# Finding the data

## Finding the data

Our overall goal in this chapter is to build a service that knows how to classify
textual data, the kind we encounter every day. We want our service to tell us which
general category a blog post or a news article belongs to. Classifying data like this
can be useful in many ways: building the readers’ profile and serve relevant ads,
recommend products or personalize content served.


### Existing corpora
There is a limited number of existing corpora that we could use to achieve our goal.
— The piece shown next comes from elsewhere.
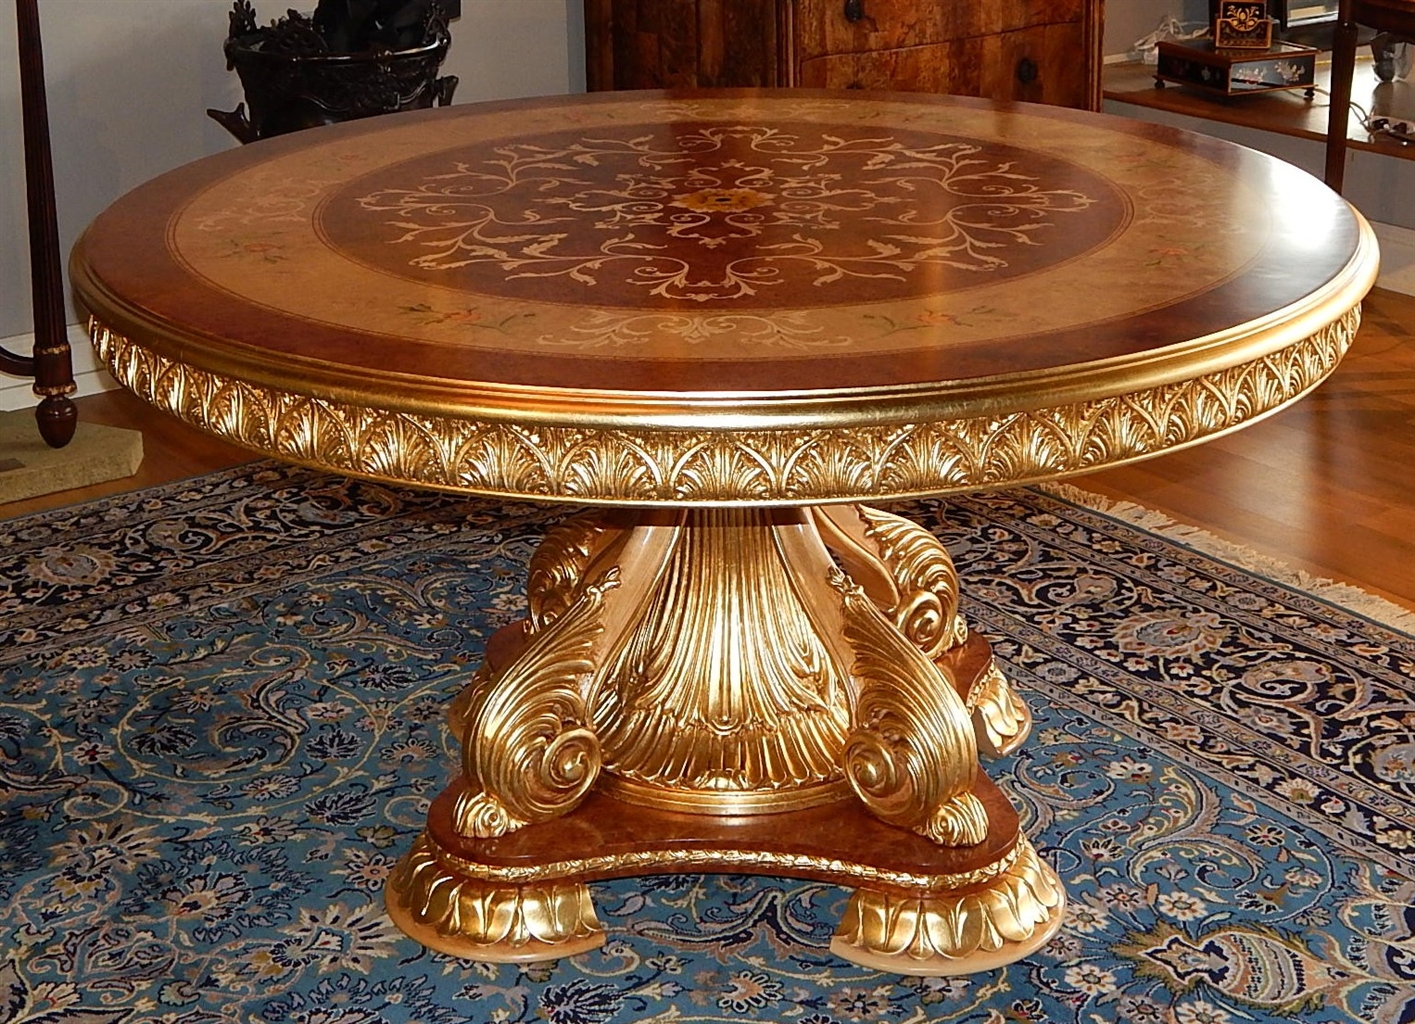 Dining Tables 11 Luxury foyer center table. Exquisite marquetry and detail work.
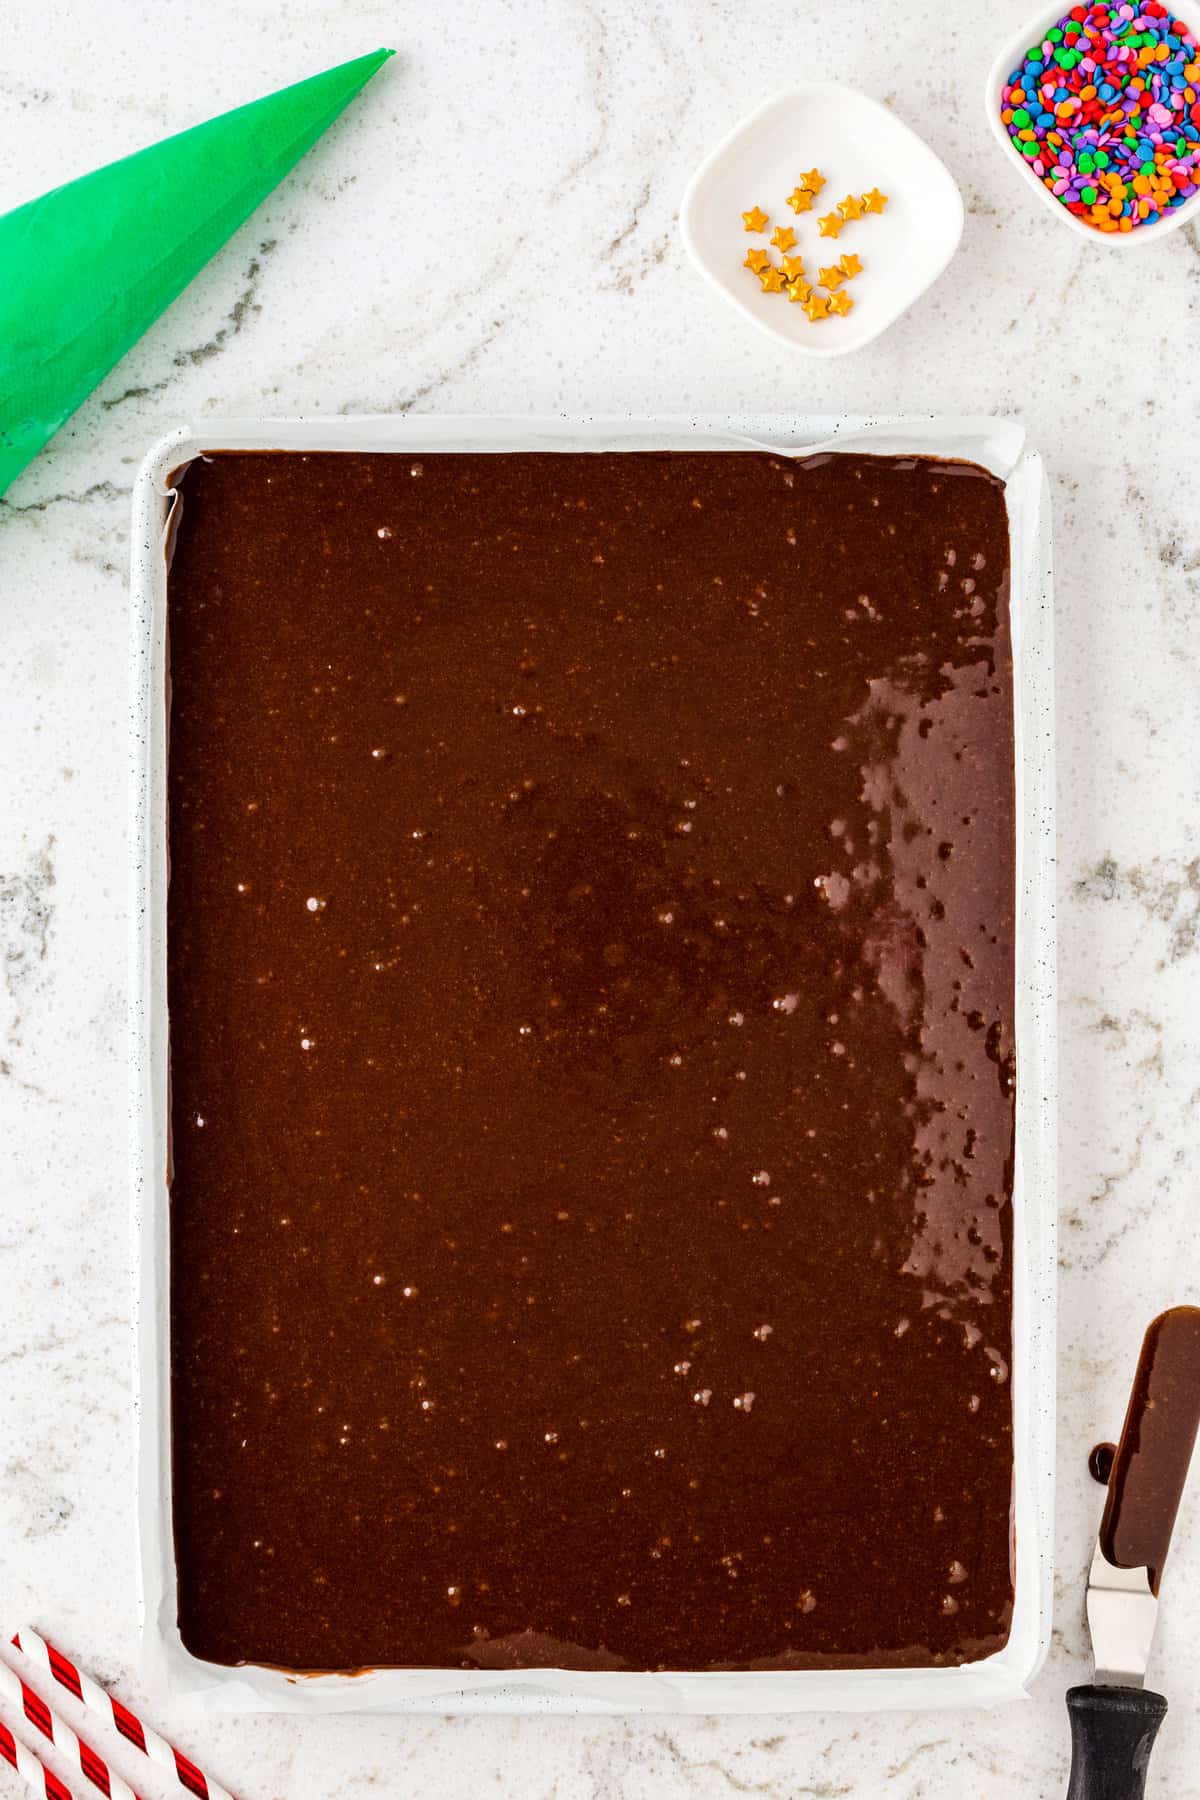 Pour the Brownie Mix into a Jelly Roll Pan lined with Parchment Paper

**Check out available corpora**

In [40]:
%%time
# Let's try out Reuters corpus
from nltk.corpus import reuters
# Let's see what are the Reuters categories
print(reuters.categories())
# ['acq', 'alum', 'barley', 'bop', 'carcass', 'castor-oil', 'cocoa', ...
# Let's check out the 20 newsgroups dataset

['acq', 'alum', 'barley', 'bop', 'carcass', 'castor-oil', 'cocoa', 'coconut', 'coconut-oil', 'coffee', 'copper', 'copra-cake', 'corn', 'cotton', 'cotton-oil', 'cpi', 'cpu', 'crude', 'dfl', 'dlr', 'dmk', 'earn', 'fuel', 'gas', 'gnp', 'gold', 'grain', 'groundnut', 'groundnut-oil', 'heat', 'hog', 'housing', 'income', 'instal-debt', 'interest', 'ipi', 'iron-steel', 'jet', 'jobs', 'l-cattle', 'lead', 'lei', 'lin-oil', 'livestock', 'lumber', 'meal-feed', 'money-fx', 'money-supply', 'naphtha', 'nat-gas', 'nickel', 'nkr', 'nzdlr', 'oat', 'oilseed', 'orange', 'palladium', 'palm-oil', 'palmkernel', 'pet-chem', 'platinum', 'potato', 'propane', 'rand', 'rape-oil', 'rapeseed', 'reserves', 'retail', 'rice', 'rubber', 'rye', 'ship', 'silver', 'sorghum', 'soy-meal', 'soy-oil', 'soybean', 'strategic-metal', 'sugar', 'sun-meal', 'sun-oil', 'sunseed', 'tea', 'tin', 'trade', 'veg-oil', 'wheat', 'wpi', 'yen', 'zinc']
CPU times: user 0 ns, sys: 0 ns, total: 0 ns
Wall time: 225 µs


In [41]:
from sklearn.datasets import fetch_20newsgroups
news20 = fetch_20newsgroups(subset='train')
print(list(news20.target_names))
# ['alt.atheism', 'comp.graphics', 'comp.os.ms-windows.misc', ...

['alt.atheism', 'comp.graphics', 'comp.os.ms-windows.misc', 'comp.sys.ibm.pc.hardware', 'comp.sys.mac.hardware', 'comp.windows.x', 'misc.forsale', 'rec.autos', 'rec.motorcycles', 'rec.sport.baseball', 'rec.sport.hockey', 'sci.crypt', 'sci.electronics', 'sci.med', 'sci.space', 'soc.religion.christian', 'talk.politics.guns', 'talk.politics.mideast', 'talk.politics.misc', 'talk.religion.misc']


As you can notice, the categories we got aren’t that helpful for our task. They’re
narrow in scope and don’t cover the entire news spectrum as we would like.
This corpora is mostly used in benchmarking tasks rather than in real-world
applications. We can do better by gathering our own data, but bare in mind that
usually building a corpus is a tedious and expensive endeavour. If you start from
scratch, you need to manually go through a lot of news articles and blog posts
and pick the most relevant category for each of them. Most the tutorials on text
classification use bogus data, e.g. for doing sentiment analysis, or use an existing
corpora that will produce in a useless model with no practical application. In the
following section, we will take another path and explore some other ideas for
gathering data

## Ideas for Gathering Data

The goal here is to build a general tiny corpus. This task is complex and but is
only adjacent to our main goal of building a news classifier, so we will use some
shortcuts. For practical reasons, we could look at these web resources:

- Project Gutenberg Categories6 – this can prove useful depending on the domain
you are trying to cover. You will need to write a script to download the books,
transform them into plain text and use them to train your classifier.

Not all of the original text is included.